Bangladesh has topped the list of 12 countries where high concentrations of Cadmium was found in rice samples during a recent study by the American Chemical Society (ACS).
Experts in the country agreed with the study.
But they said high Cadmium content in rice were confined to some regions and were not a country-wide phenomenon.
They say industrial wastes polluting the paddy fields and use of low-quality fertilisers during cultivation caused high Cadmium content in Bangladesh's rice.
The toxic metal causes cancer, heart disease and kidney diseases, they said.
The ACS study found .01 to .3 ppm Cadmium per kilogram in Bangladesh rice and the quantity, it said, was rising.
Canadian Food Inspection Agency (CFIA) recently found .0054 to .0505 ppm/kg in their own rice which they said was safe.
Sri Lanka came second in Cadmium contamination in the ACS study. The study also included Cambodia, Ghana, India, Italy, Japan, Nepal, Spain, Thailand, the USA and France.
An official of Bangladesh’s Soil Resource Development Institute (SRDI), who preferred anonymity, told bdnews24.com that the level of Cadmium contamination in rice was rising as the toxic substance was entering in the paddy fields near the industrial zones at an alarming rate.
“Low-quality TSP fertilisers and untreated wastes of garment factories, drug factories, textiles and tanneries which mix with water sources are causing high incidence of Cadmium in our rice,” he said.
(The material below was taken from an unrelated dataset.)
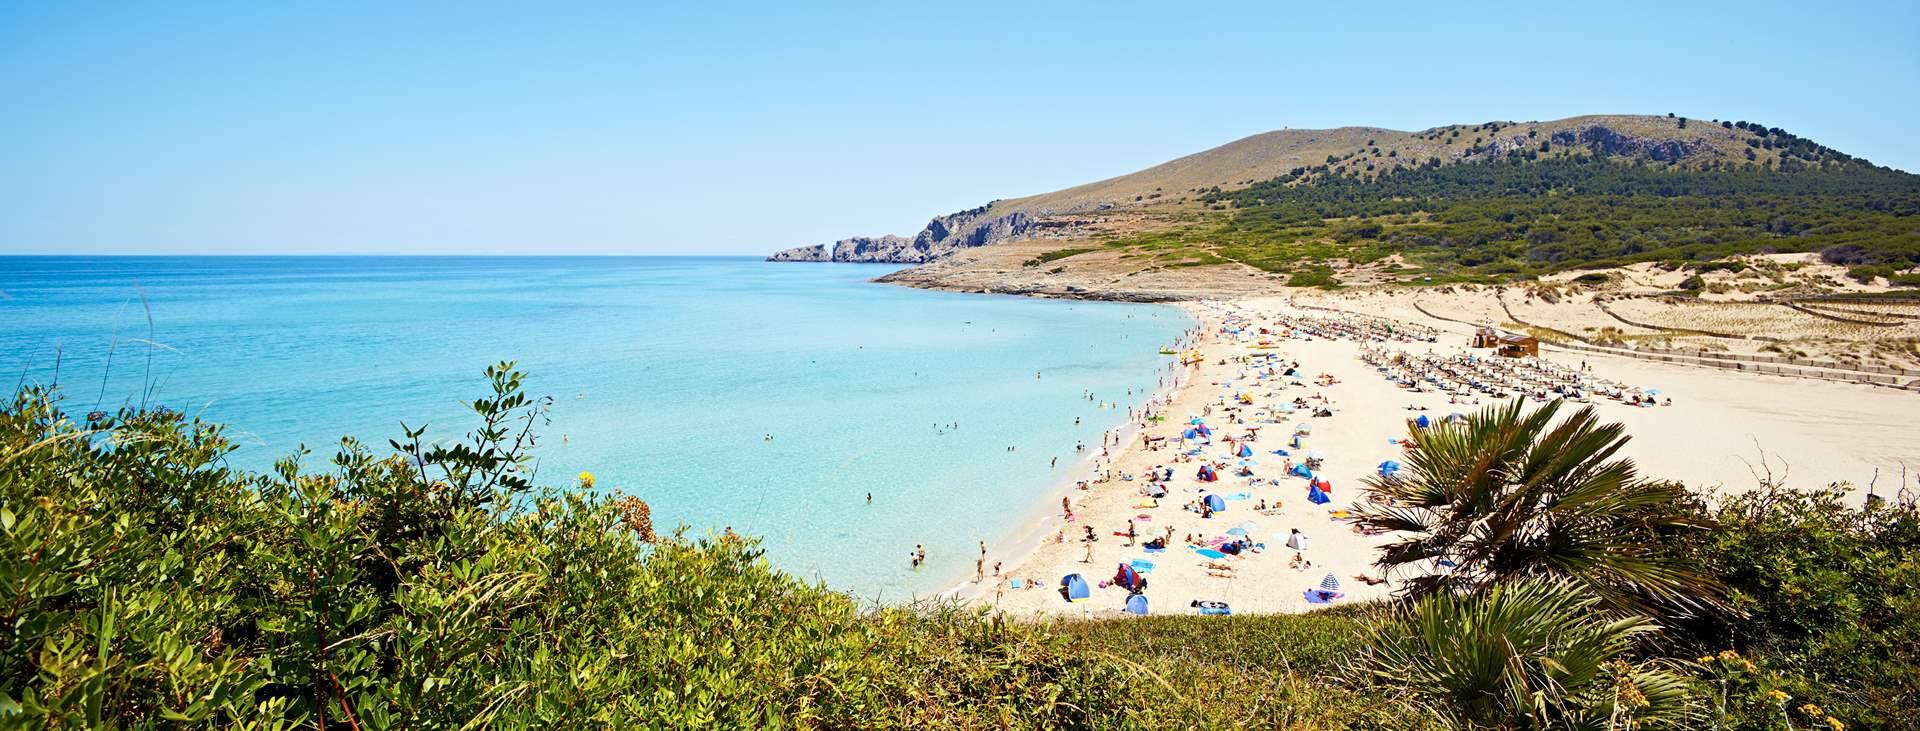 Bestill en reise til barnevennlige Cala Mesquida på Mallorca

Cadmium enters the rice through the plant as water from contaminated sources makes it way into the fields.
However, Sher-e-Bangla Agriculture University’s Professor Abdullahil Baque claimed that the Cadmium concentration level was not the same in rice from all regions of Bangladesh.
He told bdnews24.com that Cadmium presence was highest in the red soil of Dhaka and areas around the capital.
He also mentioned wastes of industrial zones, specially tanneries, could be the main cause for raising the level of Cadmium in rice.